Between proximity and distance: How couples keep their love in spite of the Corona-crisis
The Coronavirus intended for weeks the life – and the relationship everyday. Many couples have spent more time together than usual. That’s not always run smoothly.
Every Fourth (27 percent), living in a partnership, it is uncertain whether his relationship survives the Corona-crisis unscathed. This is the result of a survey conducted by the Online Dating Agency Parship among approximately 1,000 German citizens.
It is important to understand why it’s so, says Ann-Marlene Henning. “The body and brain are set up on danger, so the fight-or-flight,” says the sex therapist from Hamburg.
Escape the last few weeks, however, was not possible. Instead, it is for many 24/7 home office, in addition to the better half, and possibly children. “Since the Partner is also to the enemy.
Couple therapist Clemens von Saldern, from Berlin, is pleading for leniency. Be tip: a lot of effort to realize, again and again, how is the Partner – and self.
Barbara Lubisch is not recommended to put every word on the gold balance. “Do you have understanding for your Partner and for ill feelings,” advises the Deputy Federal Chairman of the German psychotherapists Association.
Joint projects are looking for
Against the boredom and the thoughts carousel stimulates of Saldern to, projects to look for, things for which no time was – together with the Partner or the partner.
However, to create the space and to protect this, the experts consider to be extremely important. If possible, spatially.
The a recovers maybe better with a Workout in the living room, while the other prefer to go for a walk. “It is important to look for ways that everyone can a little bit of leeway, even without a Partner to maintain,” says psychotherapist Lubisch.
Time for relationship work
Maybe couples can use this time for Positive? The question is: Can I tackle something I’ve wanted to change for a long time? This can also apply to the partnership. Games with question cards or tasks can help in the relationship work and casual time.
It can be helpful to be consciously aware of time is a great way to each other and, for example, to former common ground to build on: “This could be long walks with a picnic, common music-Listening or movie-Watching or photo books of common holidays, design”, is Lubisch.

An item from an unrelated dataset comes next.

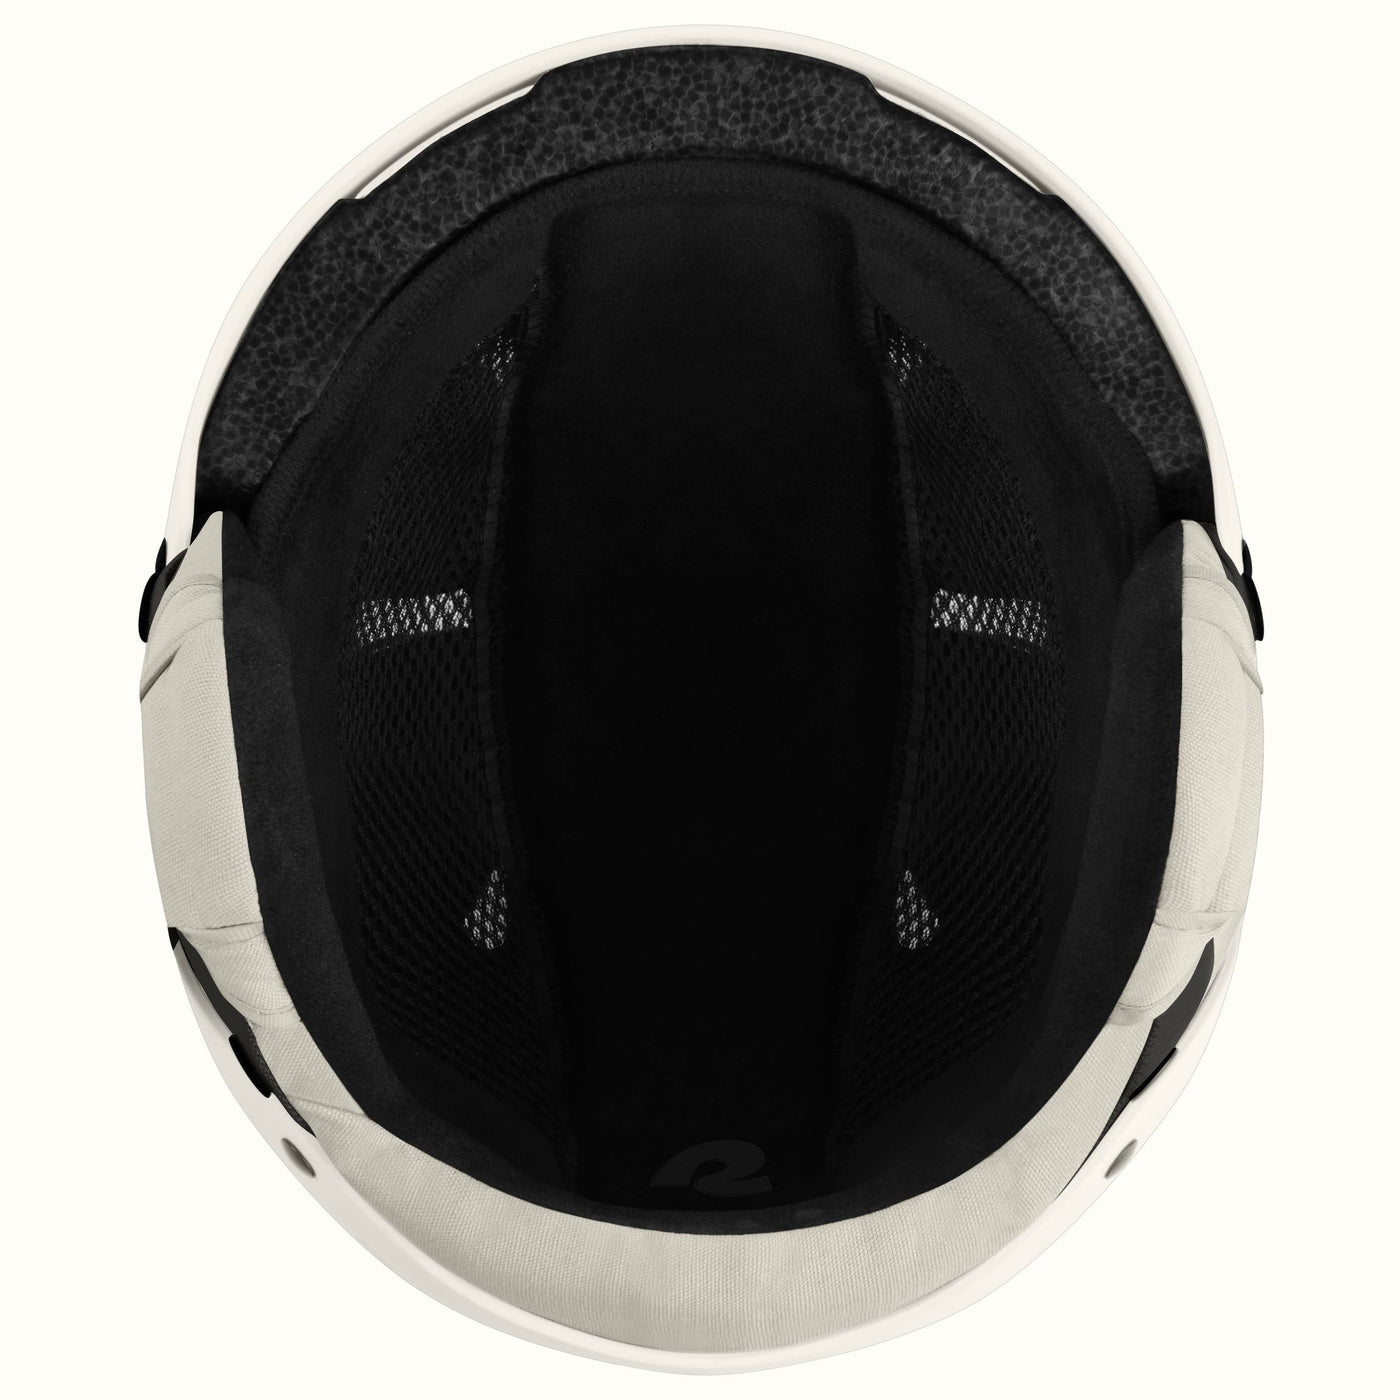 Zephyr Ski & Snowboard Helmet

Help in cases of domestic violence
But what if that doesn’t help, the sound is rough, the Aggression increasing? The long period of contact has provided the lock in many partnerships for increased potential for conflict. Statistics show an increase in domestic violence.
Who is aggressive, the Lubisch advises: “you break the Situation!” You should stop out of the room or go round the Block, call friends or the Samaritans.
Who is violence in the relationship, it can even maybe get no help. “You’re the one being watched, sometimes constantly,” explains Henning. It therefore calls on friends or neighbors to be vigilant and to call in case of emergency, the police.
Deutsche Presse-Agentur (dpa)
*The contribution of “Between proximity and distance: How couples keep their love in spite of the Corona-crisis in an upright position” published by FitForFun. Contact with the executives here.